**Exercise directions:** Emit the data below verbatim, stripping out any pictures.

**Given data:**
-------
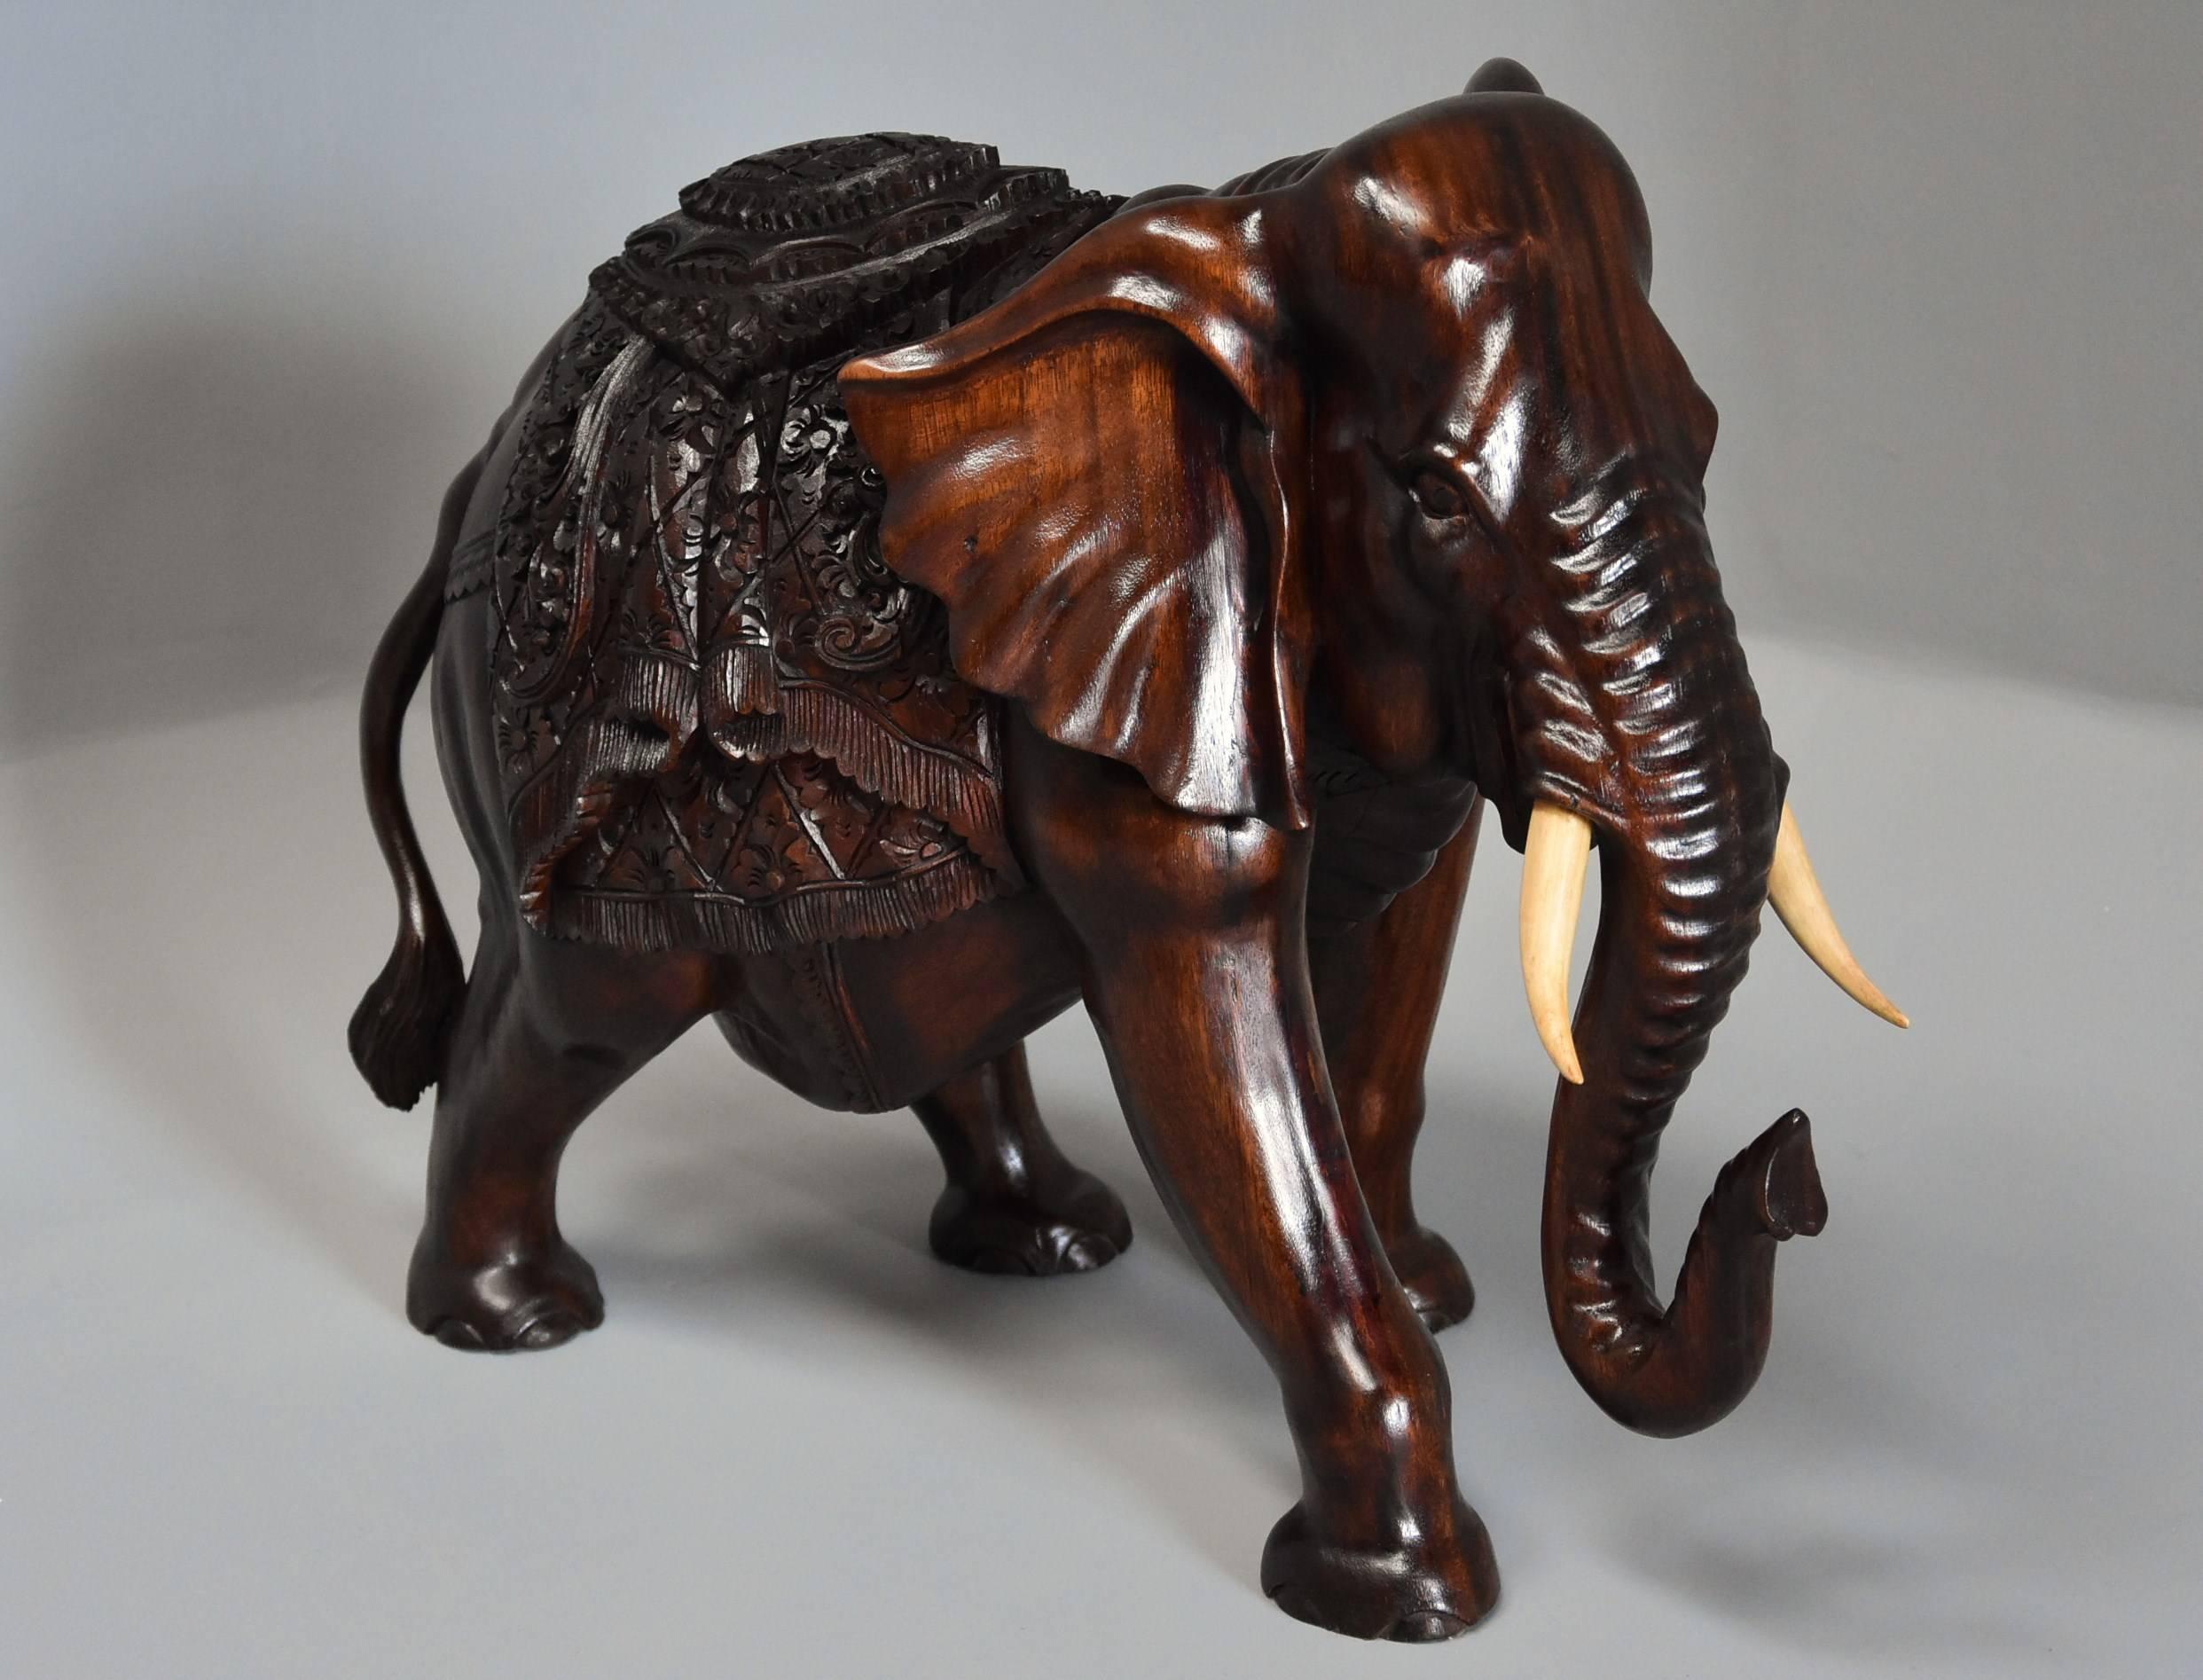 A highly decorative carved hardwood elephant.

This superbly carved elephant figure has wooden tusks and a decorative rug on his back.

This figure is in excellent condition and can go straight into a home.
-------
**Written solution:**
 A highly decorative carved hardwood elephant.

This superbly carved elephant figure has wooden tusks and a decorative rug on his back.

This figure is in excellent condition and can go straight into a home.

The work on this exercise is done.